Enyi Patrick Enyi
Babcock University
e.p.enyi@gmail.com
Department of Accounting, School of Management Sciences
Accounting and finance-based researchers often face the problem of using multiple surrogates to capture the true essence of a dependent variable in order to study its predictive relationship with explanatory variables. The major pitfall with this, is the inability to directly connect the study results with the major objective of the research forming the topic. This study explores the various methods that can be adopted to unify the engaging properties of the multiple parameters used in identifying a dependent variable. Using logistic regression, the study converted the a priori expectations of 30 Ph.D research theses in finance and accounting with four dependent surrogates into a probabilistic log values and compared them with the individual surrogate performance on the one hand and the surrogates geometric mean on the other hand. While the geometric mean showed no significant difference between itself and the probabilistic expectation (β = .278,t(30) = .695, R2 = .077,p > .10), the individual surrogates results revealed both combined and individual significant differences with the thesesa priori expectations (Adj. R2 = .0291,F (4, 25) = 22.598, p < .05). This paper recommends unifying multivariate dependent variables with geometric means for successful financial performance relational studies.

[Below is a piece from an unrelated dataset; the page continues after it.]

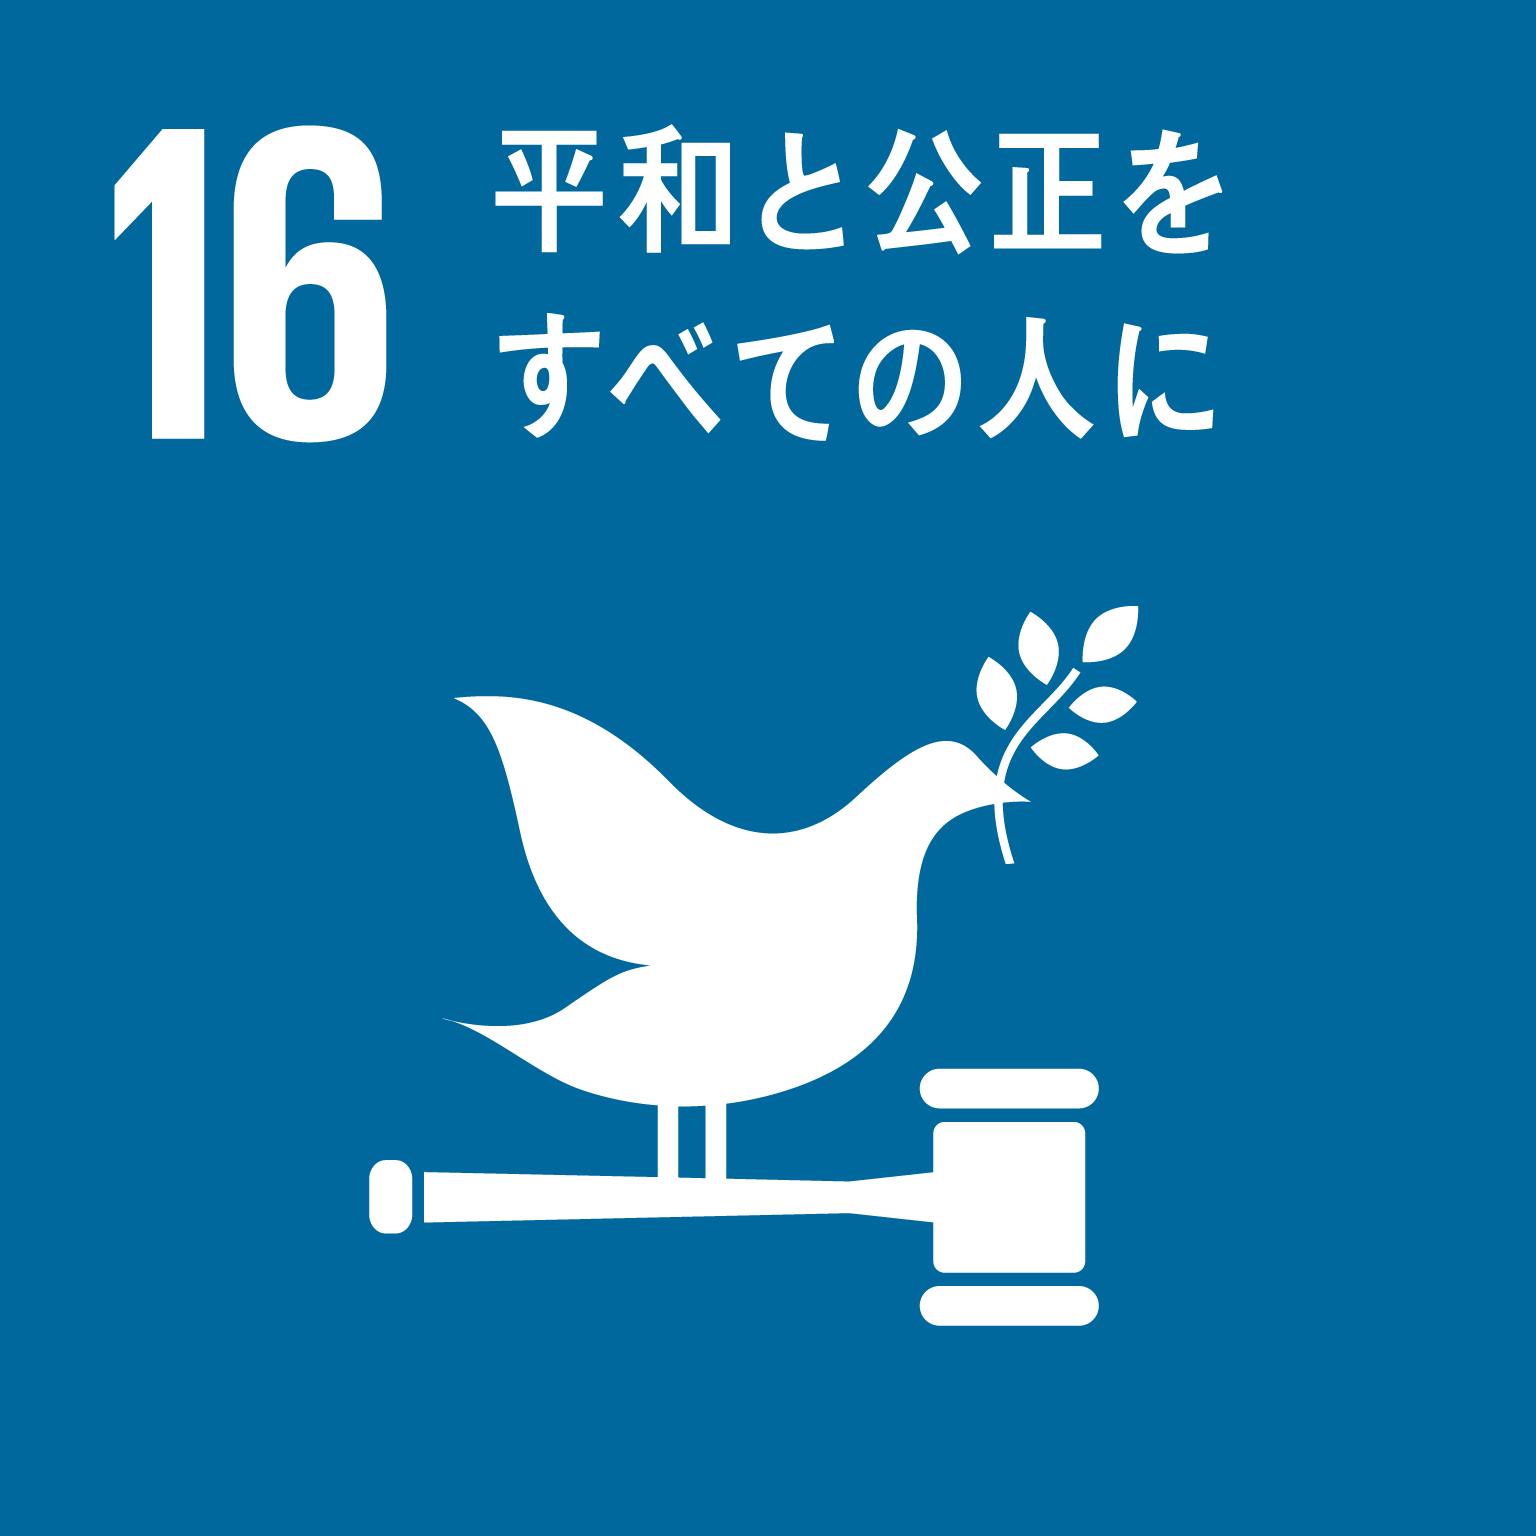 目標16: 平和と公正をすべての人に
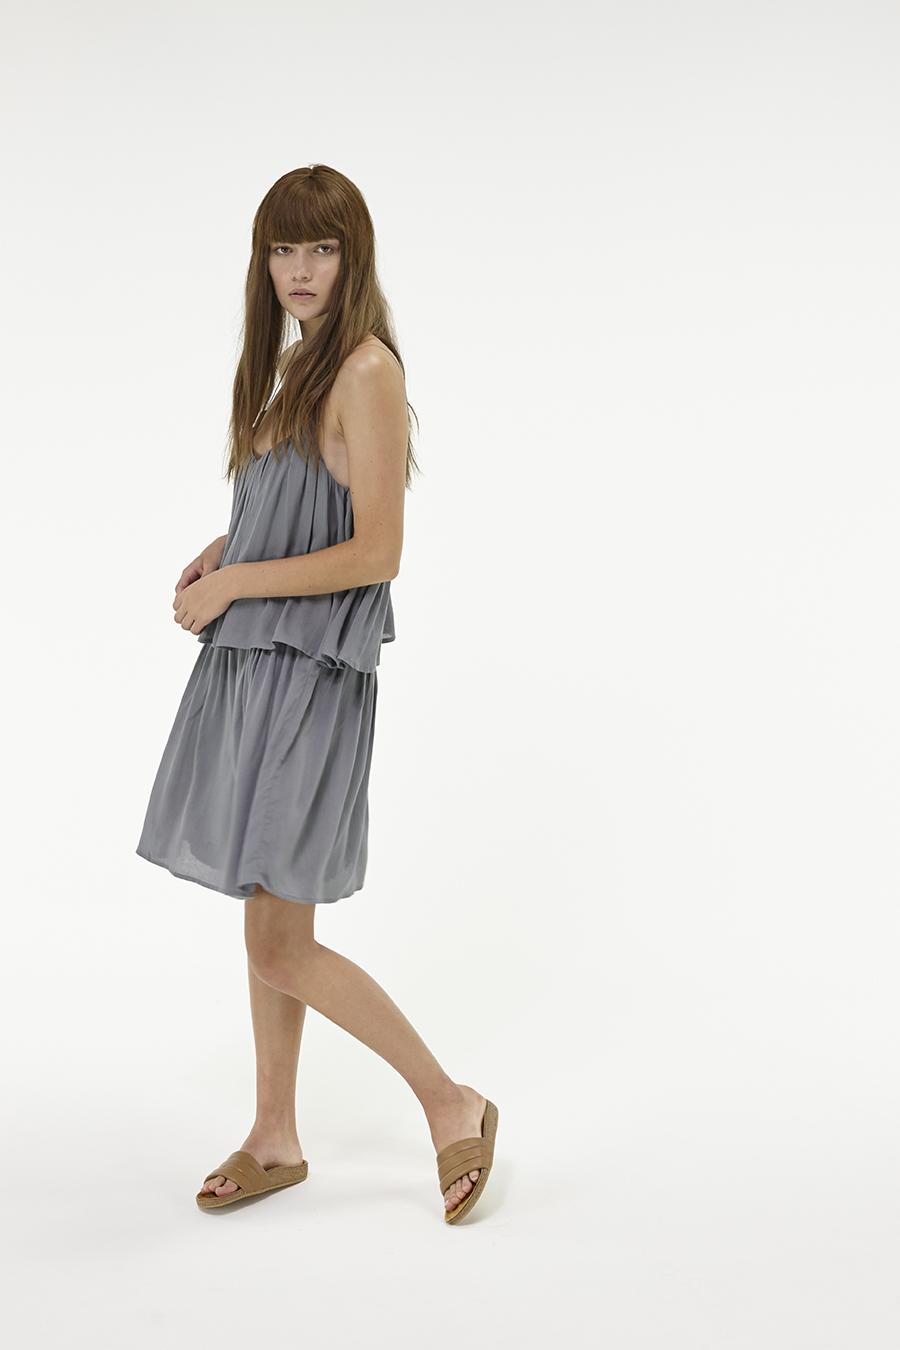 Huffer_Q3-16_W-Love-All-Dress_Grey-04

Keywords : performance, dependent variable, surrogate, proxy, logistic regression
Researchers and scholars in the social and management sciences are often faced with the problem of identifying and operationalizing the main ingredients forming the dependent or outcome variable in performance assessment research. This is particularly a big issue when such a study is extended in scope or necessitated by the requirements to fulfil the conditions for the award of a degree. For those studying behavioral traits and similar psychological phenomena that has no accounting or financial data foundation, this will not present a problem as there are several methods already developed to tackle the issue. Some of these methods include the use of general linear model (GLM) multivariate and repeated measures procedures using computer statistical software, while others may include the use of canonical correlations and specially constructed regression equations (Helwig, 2017; NCSS, 1989; Steiger, n.d.). The use of means as a converging point was also advocated by other researchers especially when multiple dependent variables represent different measures of the same construct. When such differing variables are measured on the same scale, researchers have the option of combining them into a single measure of that construct. The use of binary response model (BRM) was also in the picture, but as posited by Cameron (2015), the description of the use of means looks more practical and less ambiguous to comprehend (Cameron, 2015; Gruszczy, 2009; Price, Jhangiani, & Chiang, 2015). However, the imprecise and unsure nature of the various methods in current use makes most research findings and conclusions meaningless and unrelated to the major objective of the research. This is very worrisome especially to graduate level research students and their advisors and has proven to be of particular negative implications in the fields of accounting and finance in management sciences where precision in conclusions is of utmost importance in guiding investors and decision makers correctly.